# ** Urgent ** Castaic, CA Pigeons Need Homes NOW!



## TAWhatley (Mar 6, 2001)

I was contacted by the Castaic facility for Los Angeles County Animal
Control earlier today regarding 66 pigeons that need to find homes very
quickly. The facilities at the shelter are not geared for birds of any type,
and the pigeons are currently housed in a chicken coop. There were
originally 70 pigeons, but four escaped from the coop and returned home.
I do not know if these four will be brought back to the shelter at this point
or not.

These birds were relinquished by the owner due to complaints from 
neighbors about the birds being let out to fly but then loitering on
neighboring property and making a mess instead of trapping back 
into their loft in a timely manner.

Animal control tells me that the birds are not banded, and that may
or may not be the case as I am not entirely sure they understood
what I was asking when I requested that they check to see if any
of the birds had bands and to tell me what the letters and numbers
on any bands were.

To make this long story very short, these birds need to find homes
or they will face euthanasia within a short time frame. I suspect
we might be able to get 72 hours to get all of them out.

Anyone willing and able to adopt should contact the shelter directly
at (661) 257-3191. This is the Castaic CA shelter located at 31044
Charlie Canyon Road, Castaic CA 91384. The shelter hours are
9 AM to 4 PM Monday through Saturday. Due to a road being
washed out, you must access the shelter through the jail complex.
No case # or bird ID #'s are needed, and there are no adoption fees
for these birds. It is not necessary to call ahead, but you must 
bring your own containers for transporting the birds.

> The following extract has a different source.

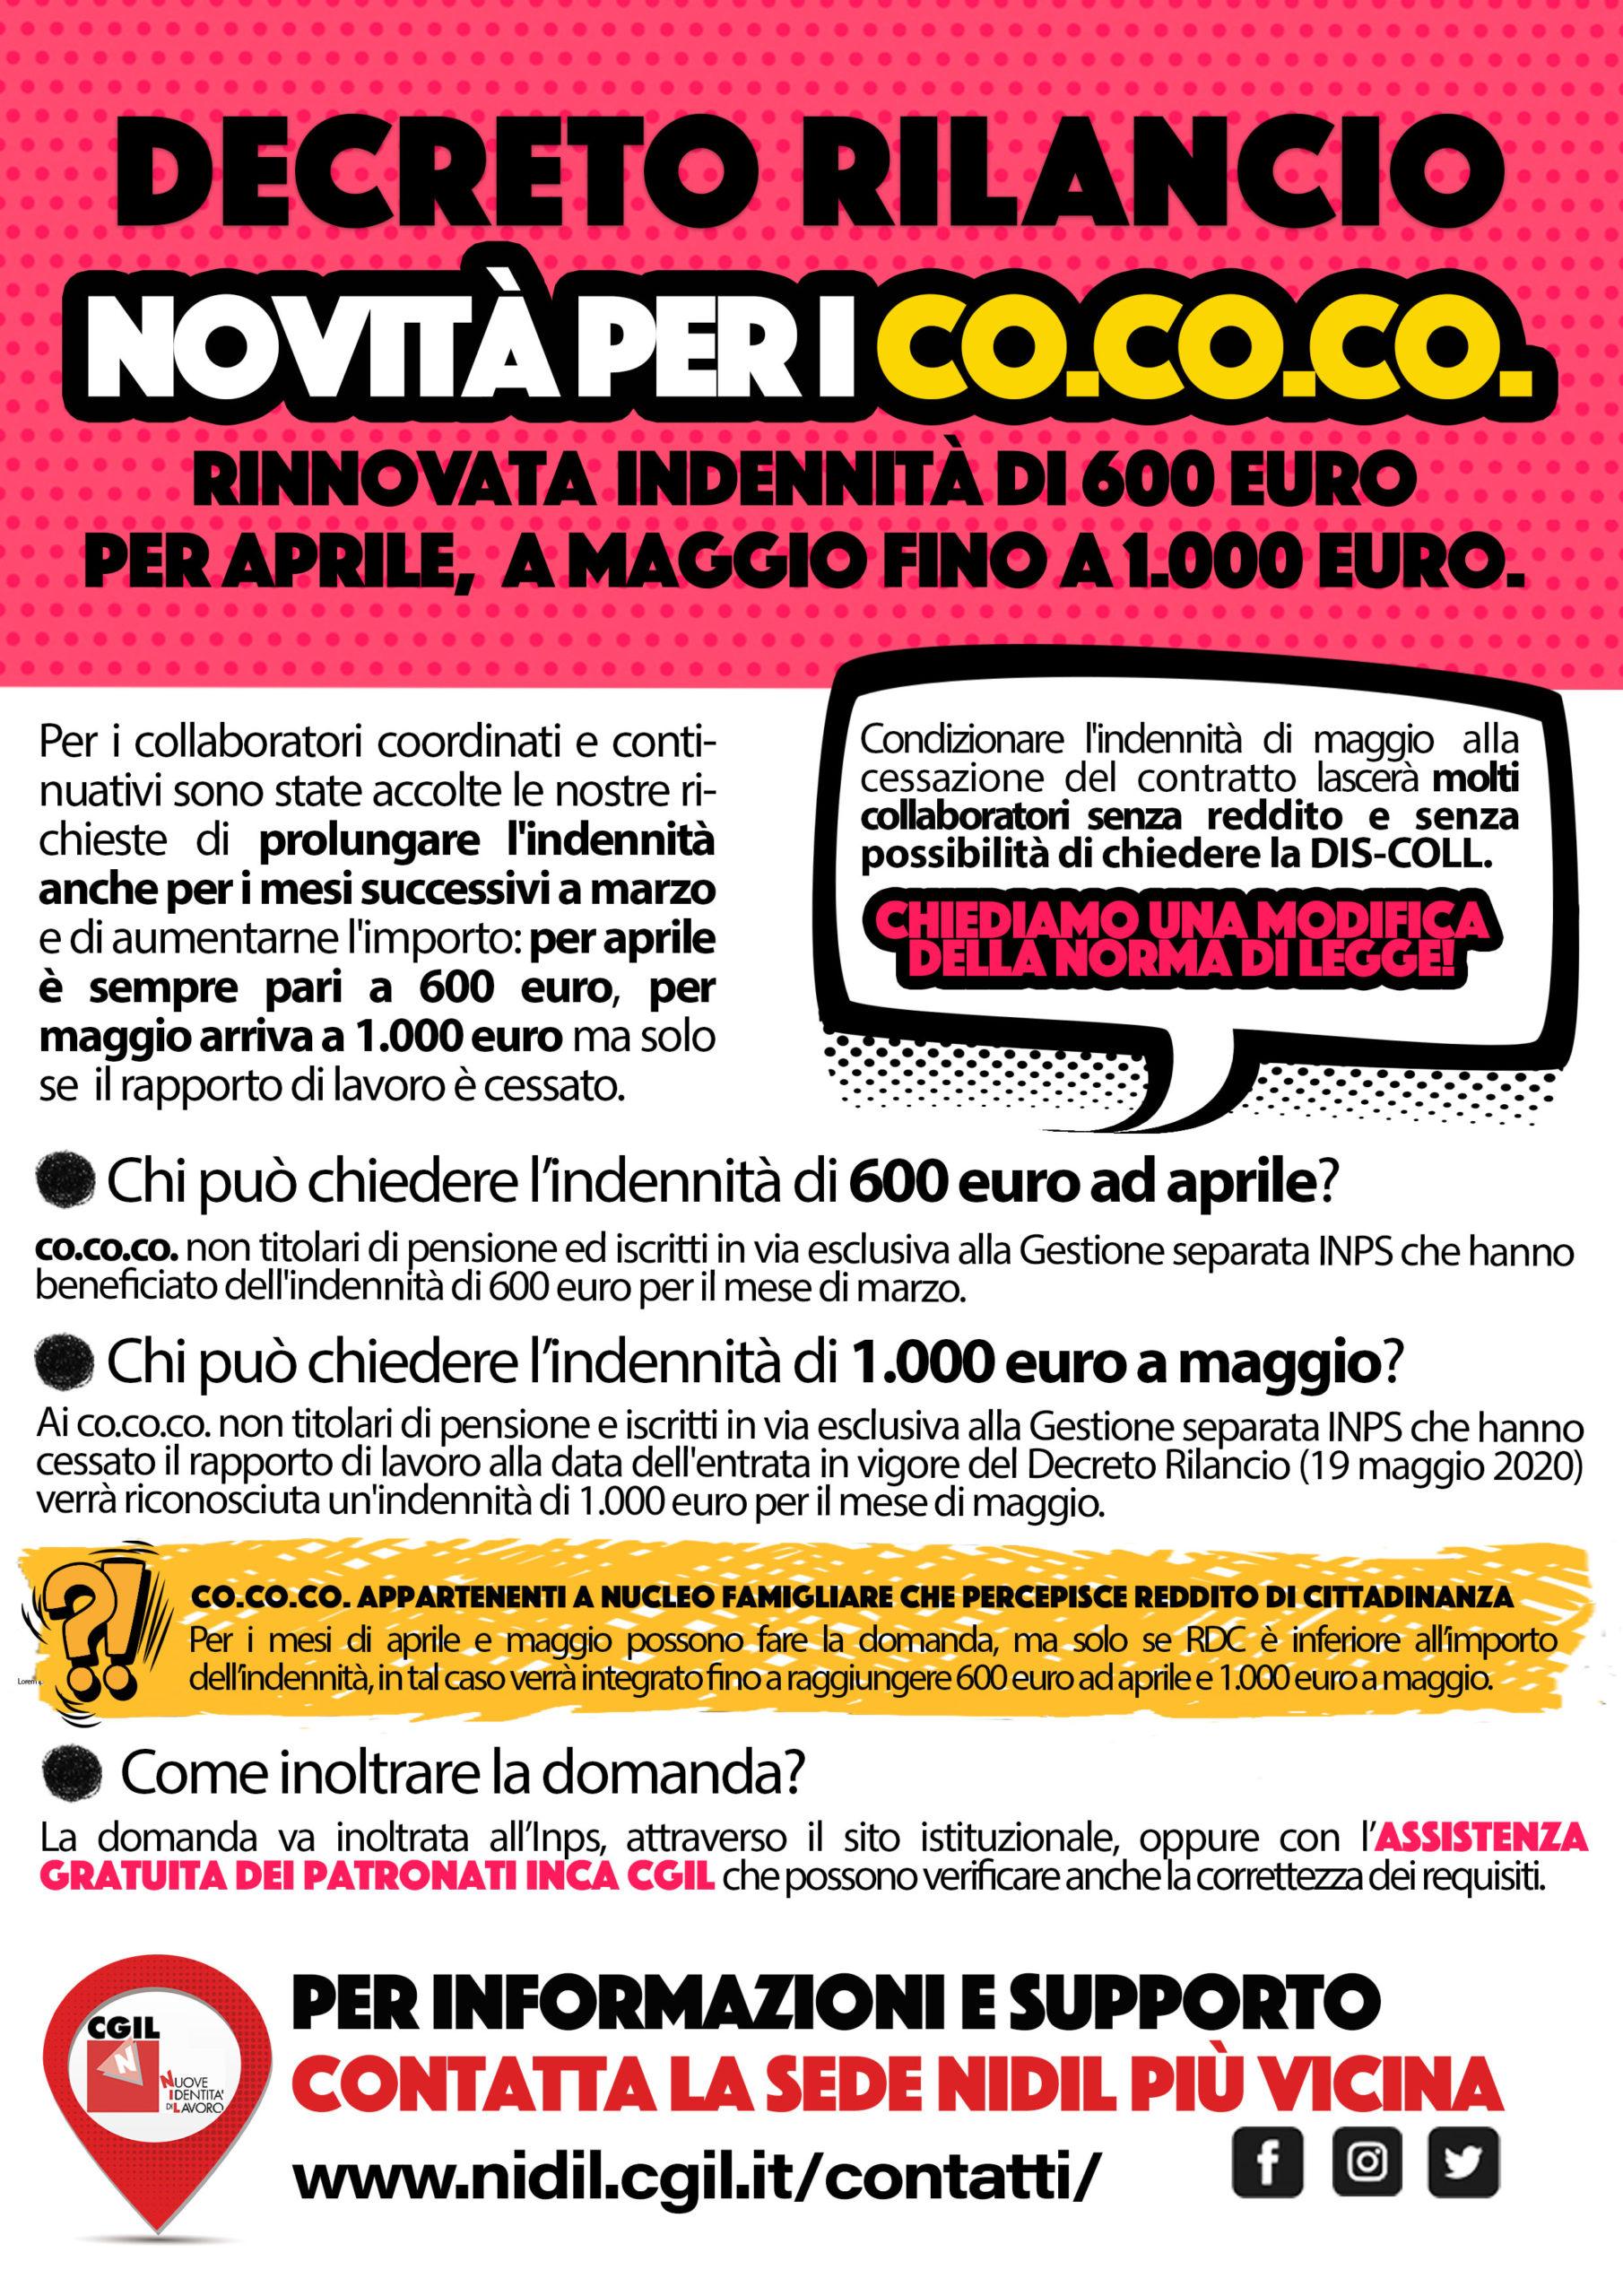 Decreto Rilancio Co.co.co.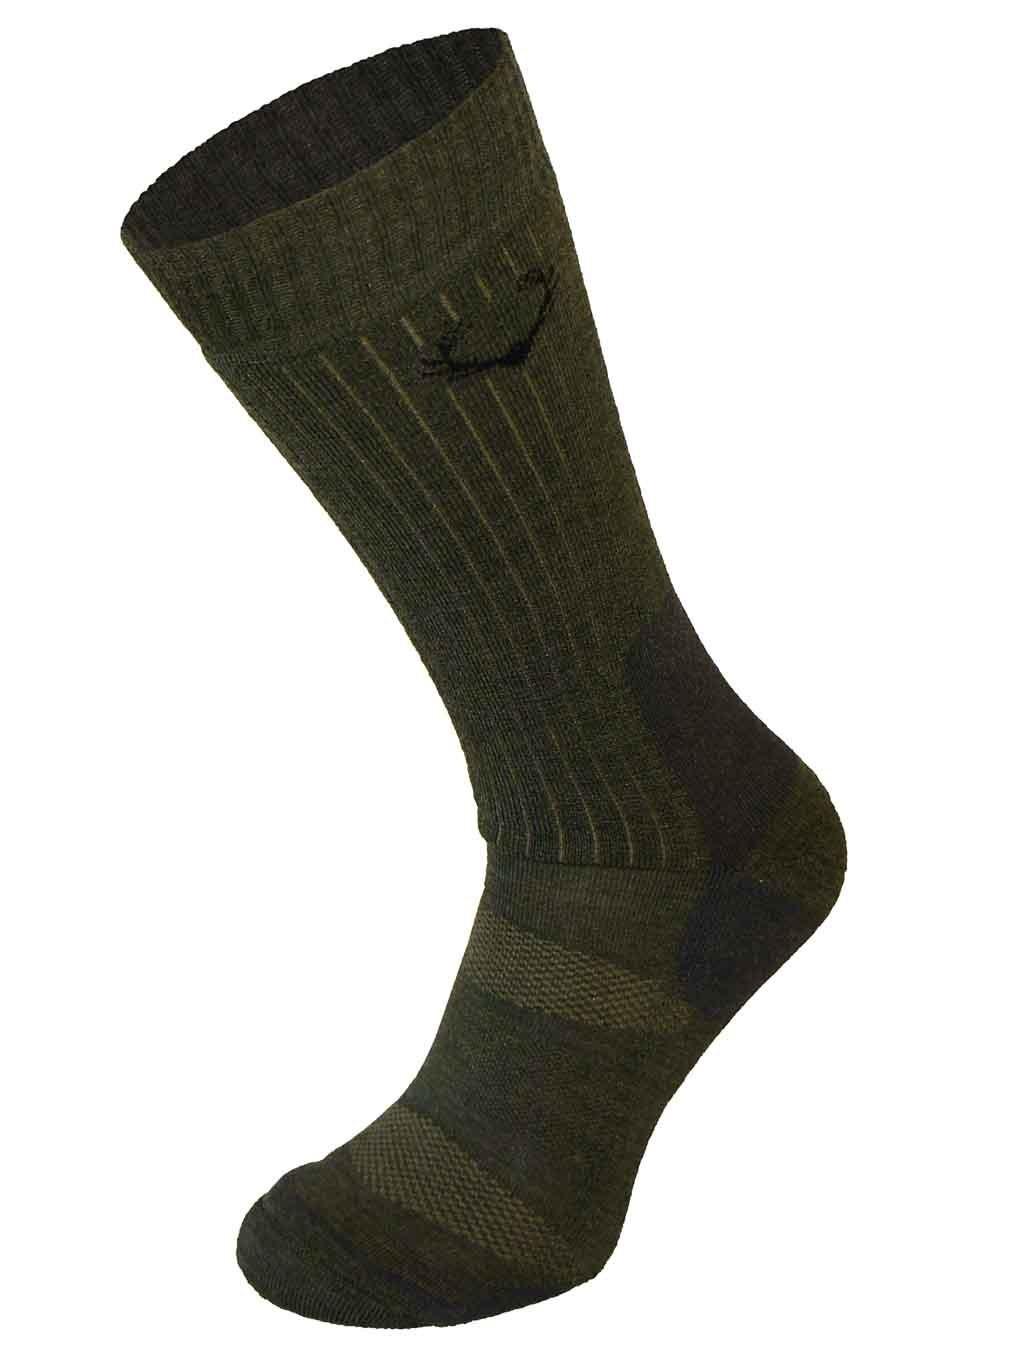 Midweight Merino Wool Shooting and Hunting Socks

Thank you for any assistance in this matter. If you are adopting,
please post to me ([email protected]) or to the list so I
can monitor the status. If all birds are not adopted when we have
run out of time, I will have to make arrangements to get the birds
and place them with my rescue partner while we continue to look
for homes.

Terry


----------



## Robby (Sep 1, 2003)

*pigeons*

hi terry, it's a shame there so far away or id go and pick them up all of them


----------



## TAWhatley (Mar 6, 2001)

Robby said:


> hi terry, it's a shame there so far away or id go and pick them up all of them


Thanks Robby! If we aren't able to place them all locally, I may be asking you to accept some by shipment. I'll keep everyone posted.

Terry


----------



## Robby (Sep 1, 2003)

*pigeons*

Hi Terry not a problem just let me know which ever way u make out ill take what ever u cant find homes for thanx yours in the sport ROBBY


----------